The Coronas set to take North American stages by storm

In the summer of 2016, an indie pop rock band hailing from Dublin called the Coronas burrowed themselves in the quaint County of Dingle on the southwestern coast of Ireland. The work they created would eventually evolve into their fifth studio album, Trust the Wire, which made waves in both Irish and international markets upon its June 2017 release. Like much of their repertoire, the record explores introspective themes concerning love and fraternity, and, more specifically, touches on subjects like the band members’ experiences and uncertainty in the music industry.
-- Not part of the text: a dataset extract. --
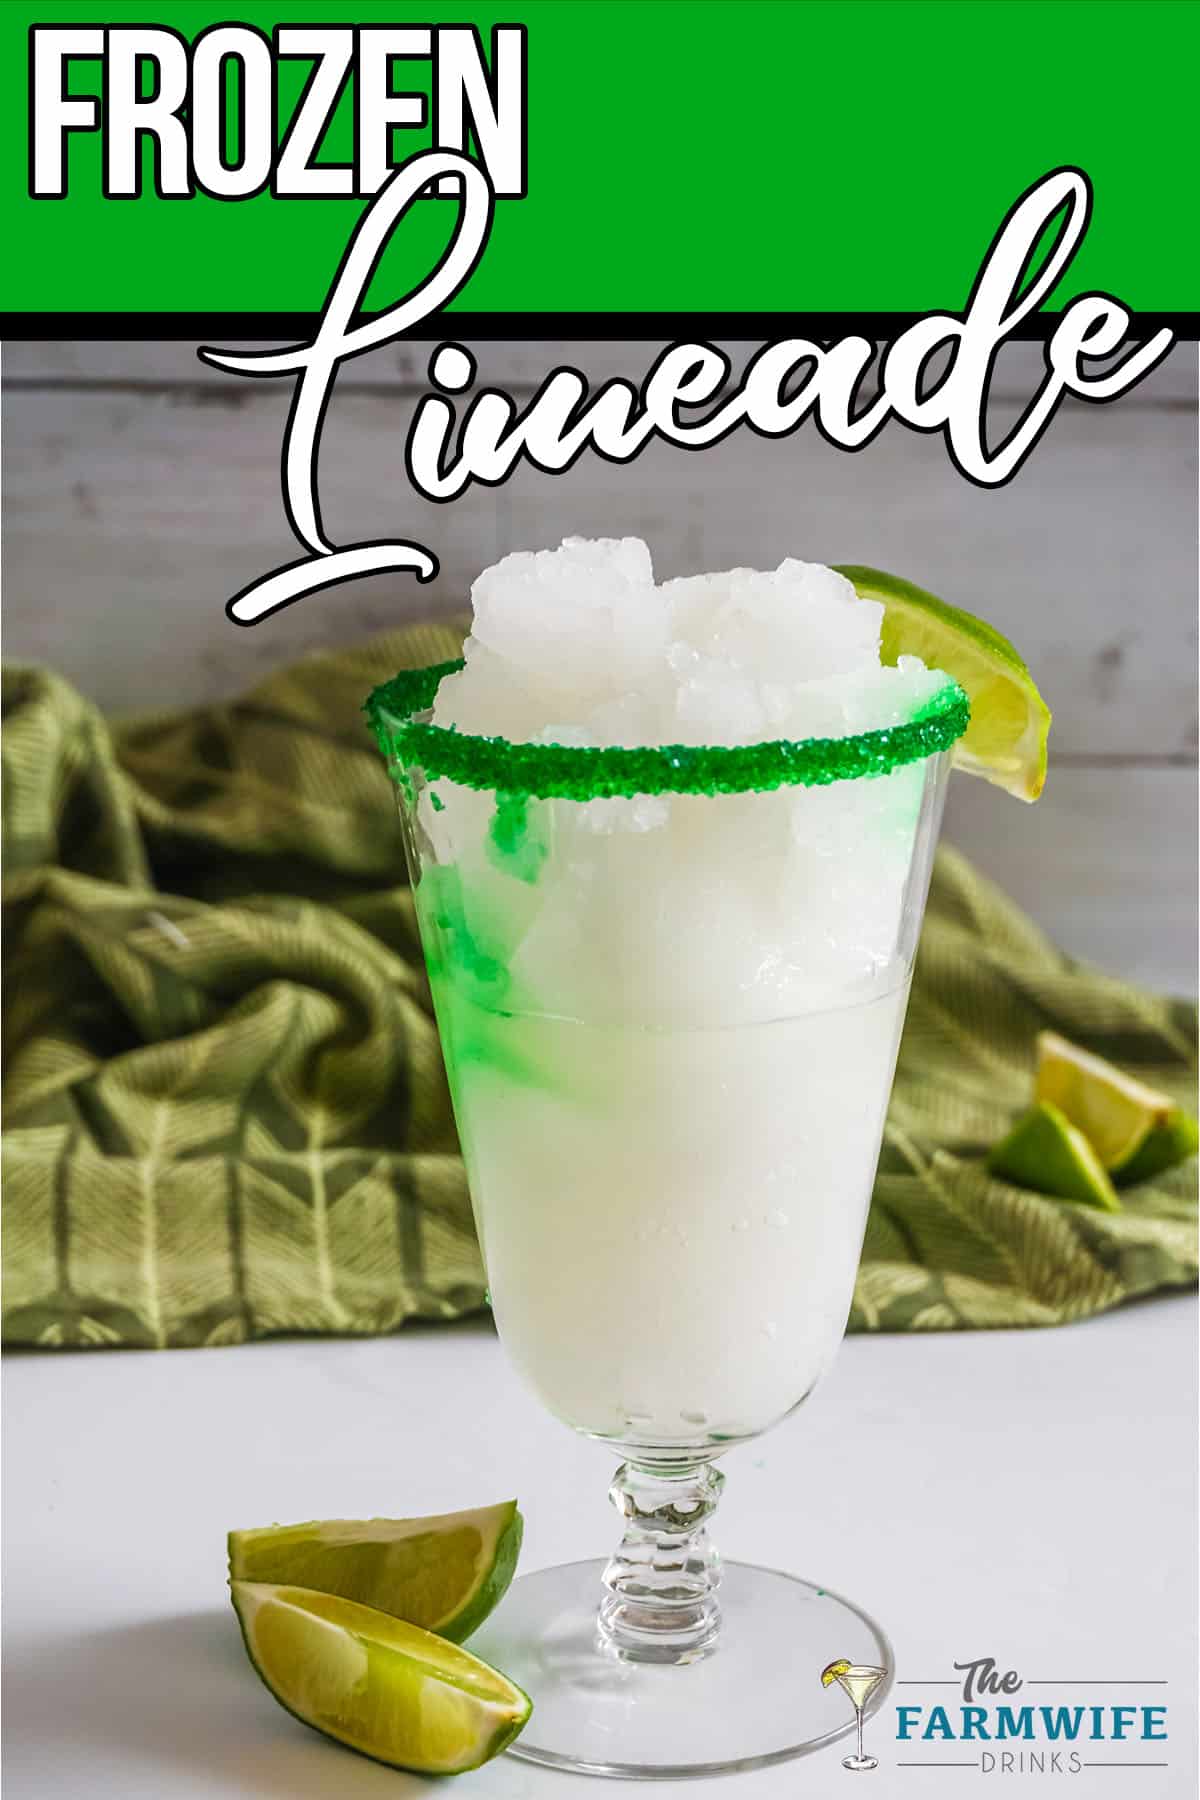 Green Frozen Limeade with sliced Limes on rim.
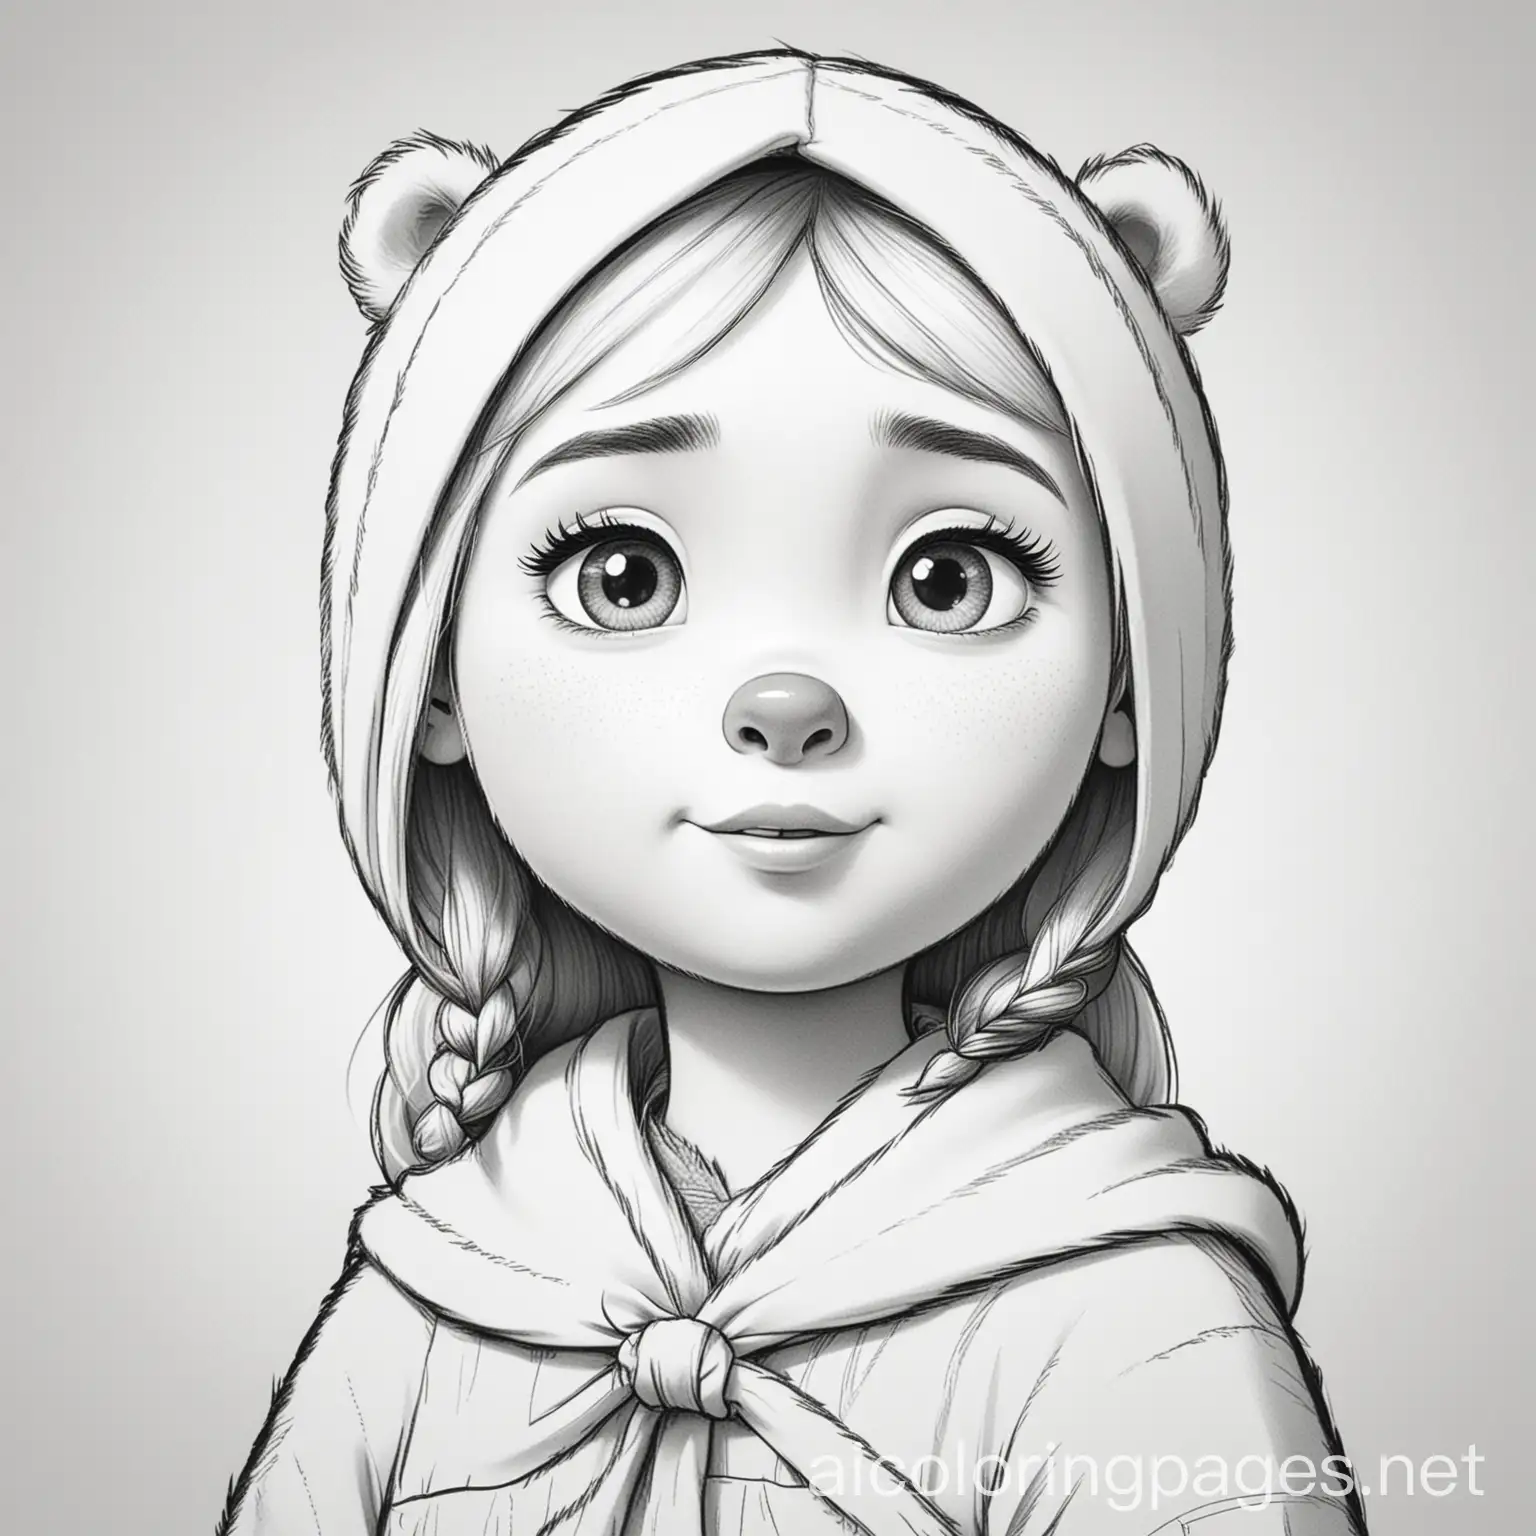 masha and bear, Coloring Page, black and white, line art, white background, Simplicity, Ample White Space. The background of the coloring page is plain white to make it easy for young children to color within the lines. The outlines of all the subjects are easy to distinguish, making it simple for kids to color without too much difficulty

“[When making the album, we asked ourselves] ‘What are we going to write about that we haven’t written about before?’” Danny O’Reilly, the band’s lead singer, said in an interview with The McGill Tribune. “You have to write about what you’re going through and hope that people relate to it [….] I find that the more honest I am, the more that people relate to [my music].”

While Trust the Wire adds some zest to the Coronas’ typical easy-strumming guitar style with some folksy riffs like those in “Not What You Know,” the collection largely sticks to what has made the band so successful in its 10 years in the Irish spotlight: Gentle, harmonic chords that slowly crescendo into the crux of the songs. “Real Feel” features an electric guitar solo to finish up the song, and “We Couldn’t Fake It” culminates in a climatic fortissimo.

“These songs are about moments,” O’Reilly said. “Oftentimes we write a song and really it’s just about that climatic moment, and we try to build and create moments that create a special impact on people [….] Maybe it’s because we know it’s our strength. It just happens naturally.”

The album creation process began with the Coronas breaking away from Island Records, feeling like the label was not supporting the band enough as artists. The London-based production company that has managed talents including U2, Drake, and Ariana Grande, and worked with the group on their 2014 album The Long Way.

“We were at a crossroads,” O’Reilly said. “ [We] did some soul searching and made the decision to leave and release our content independently.”

Breaking away from Island Records eventually led to the formation of the Coronas’ independent production company, So Far So Good Records. With this newfound freedom, the band determined to experiment a new way of writing music. They traveled to the Irish countryside and the rest is history.

“With the last album we had it back in our mind that we signed with a major so let’s write singles, let’s write hits,” O’Reilly said. “[With] this album we didn’t go over the top, we tried creating something a little more atmospheric, a little more chill.”

The result came to be the most successful album the band has created to date. Topping at number one on the Irish music chart and just coming off a world tour last fall, the Coronas’ future looks promising. With British singer-songwriter Bobby Long opening, they begin their North American tour on Feb. 8 at Petit Campus in Montreal, to be followed by shows across Canada and the United States.

O’Reilly cites the band members’ close friendships with each other as a prime driver of their sustained success over the years and how that fuses itself in with their music.

“Obviously [while our music in Trust the Wire is] still about relationships and friendships, really it’s about the band and our desire and our ambition, you know, songs about writing songs,” O’Reilly said. “Trying not to get too caught up in the music industry.”

The Coronas are set to be on tour for much of 2018, after which O’Reilly hopes to work on a new album.

The Coronas are set to perform at Petit Campus this Thursday, Feb. 8 at 8pm. Tickets are available online.